In the concatSlice() function the first slice is resliced such that its maximum capacity is equivalent to its length so that append() will create a new underlying array for the resulting slice.

output
[1 2 3 4 5 6]

Concatenating multiple slices at once

If you want to merge more than two slices at once, you can create a generic function that uses the copy() function as shown below. We aren’t use append() here as it can lead to many unnecessary allocations.

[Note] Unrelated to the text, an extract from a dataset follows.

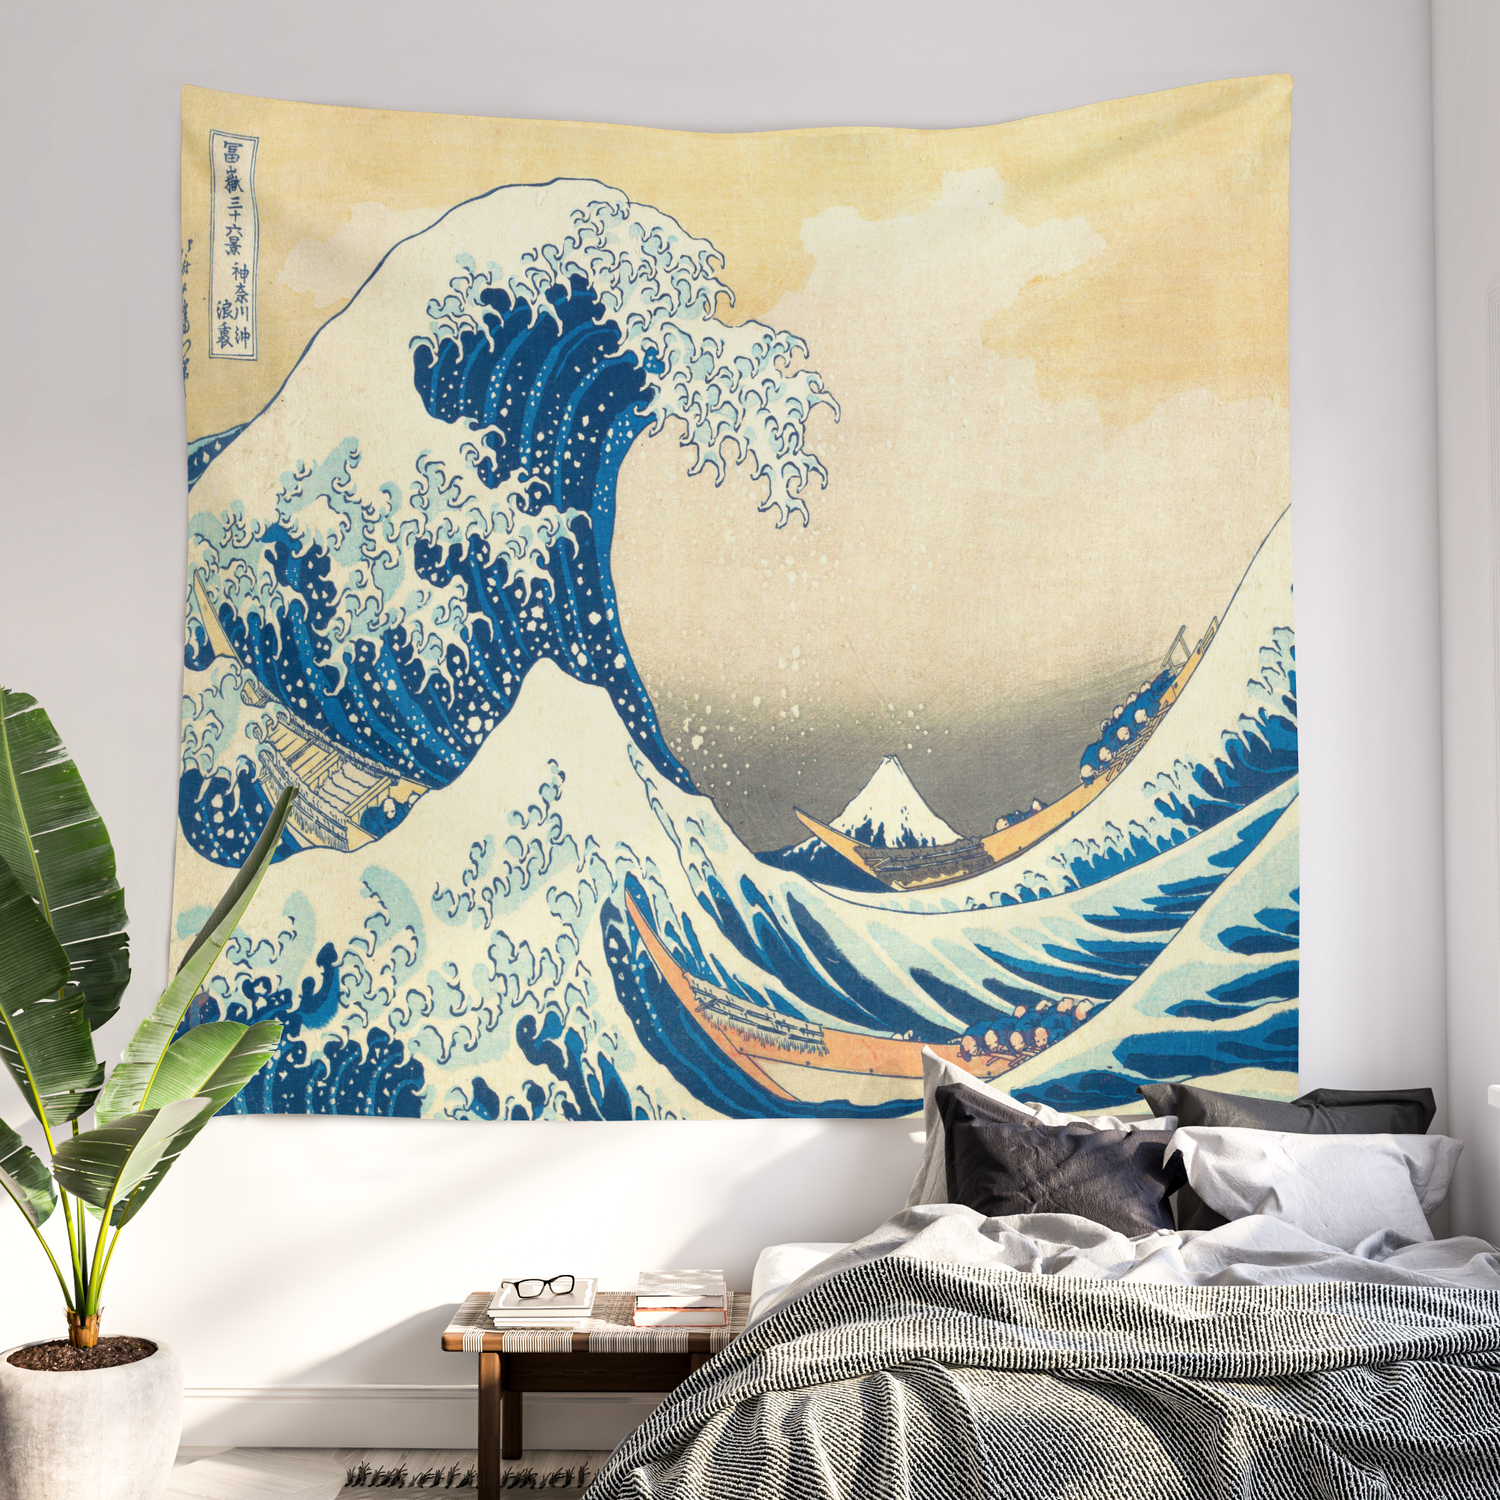 Japanese Woodblock Print The Great Wave Of Kanagawa By Katsushika Hokusai Wall Tapestry By Enshape Society6

func concatMultipleSlices[T any](slices [][]T) []T {
	var totalLen int

	for _, s := range slices {
		totalLen += len(s)
	}

	result := make([]T, totalLen)

	var i int

	for _, s := range slices {
		i += copy(result[i:], s)
	}

	return result
}

func main() {
	s1 := []int{1, 2, 3}
	s2 := []int{4, 5, 6}
	s3 := []int{7, 8, 9}
	s4 := []int{10, 11, 12}

	s5 := concatMultipleSlices([][]int{s1, s2, s3, s4})

	fmt.Println(s5)
}
output
[1 2 3 4 5 6 7 8 9 10 11 12]

In the concatMultipleSlices() function, the total length for all the slices are calculated and used to pre-allocate the resulting slice. Secondly, the elements of each slice are copied into the result slice and the number of elements copied is added to the counter (i) such that the next iteration starts from where the last one stopped. The resulting slice is subsequently returned to the caller as observed above.

Conclusion

In this article, we discussed the concatenation of two or more slices in Go, and considered a side effect of using the append() function for this purpose as well as its remedy. If you have any further insights regarding slice concatenation in Go, feel free to leave a comment below.

Thanks for reading, and happy coding!